» **DATA SECTION**:
-- Opening Marker --

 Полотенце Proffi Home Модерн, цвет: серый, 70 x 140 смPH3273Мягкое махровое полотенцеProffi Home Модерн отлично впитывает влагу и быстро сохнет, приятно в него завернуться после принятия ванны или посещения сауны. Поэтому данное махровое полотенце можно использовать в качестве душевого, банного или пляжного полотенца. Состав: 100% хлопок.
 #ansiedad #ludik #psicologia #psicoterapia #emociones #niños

-- Closing Marker --
-- Opening Marker --

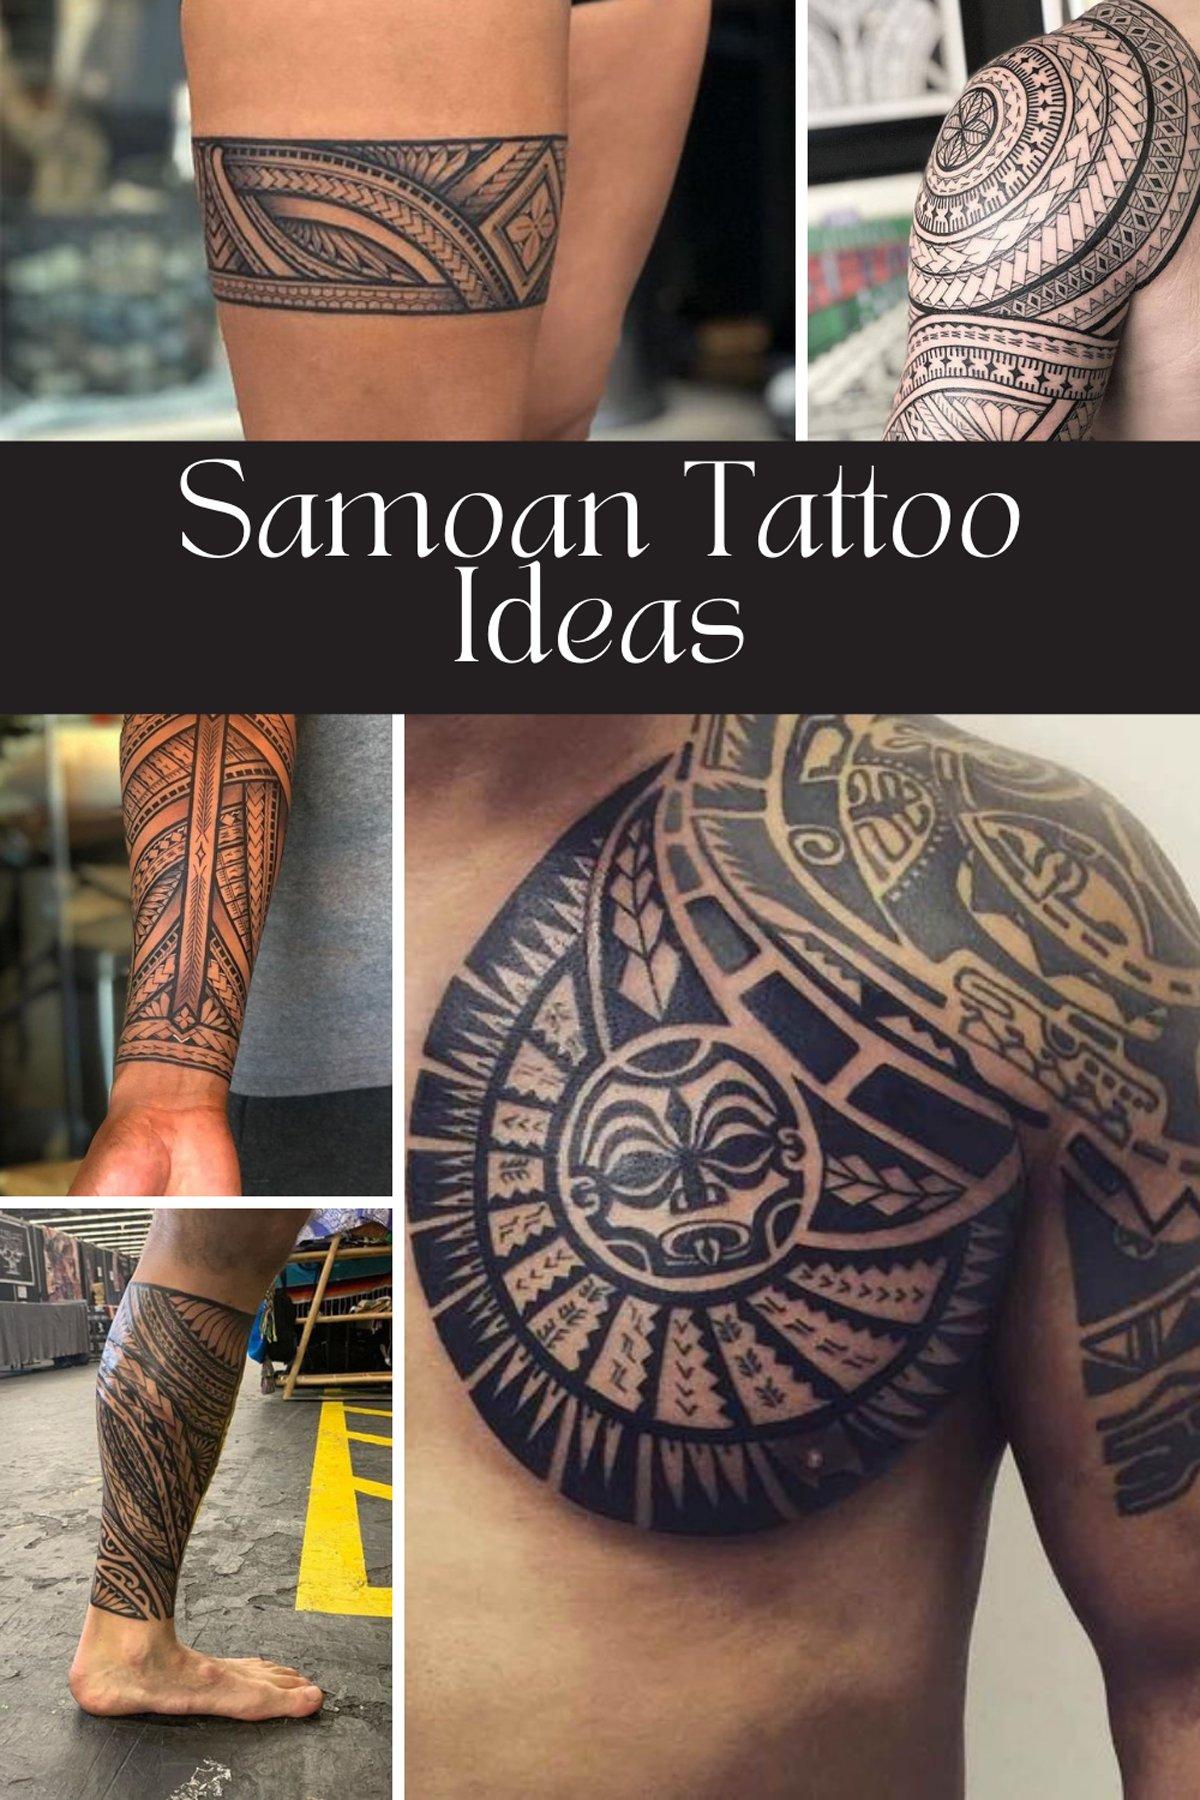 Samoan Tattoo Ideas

-- Closing Marker --
-- Opening Marker --

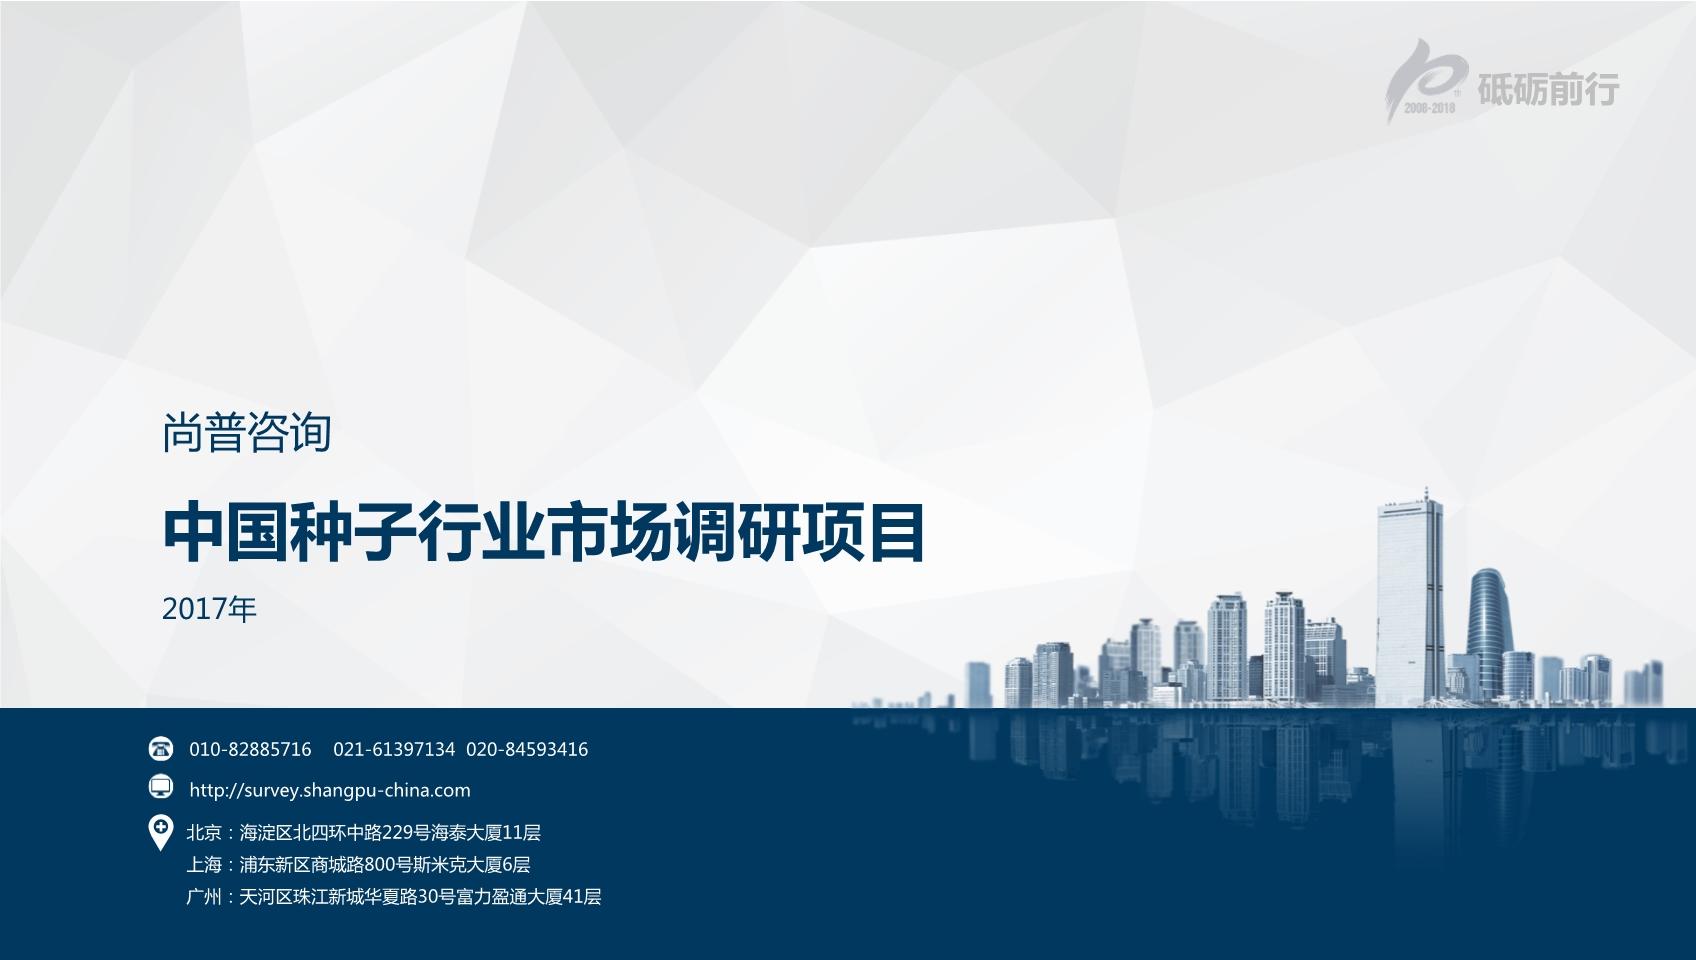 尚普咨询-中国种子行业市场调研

-- Closing Marker --

» **TASK REQUIREMENTS**: Out of the entries above, write out only the lines between the line holding "Полотенце Proffi Home" and the line holding "#ansiedad #ludik #psicologia", inclusive, each exactly as given.

» **OUTPUT FOR THIS TASK**:
 Полотенце Proffi Home Модерн, цвет: серый, 70 x 140 смPH3273Мягкое махровое полотенцеProffi Home Модерн отлично впитывает влагу и быстро сохнет, приятно в него завернуться после принятия ванны или посещения сауны. Поэтому данное махровое полотенце можно использовать в качестве душевого, банного или пляжного полотенца. Состав: 100% хлопок.
 #ansiedad #ludik #psicologia #psicoterapia #emociones #niños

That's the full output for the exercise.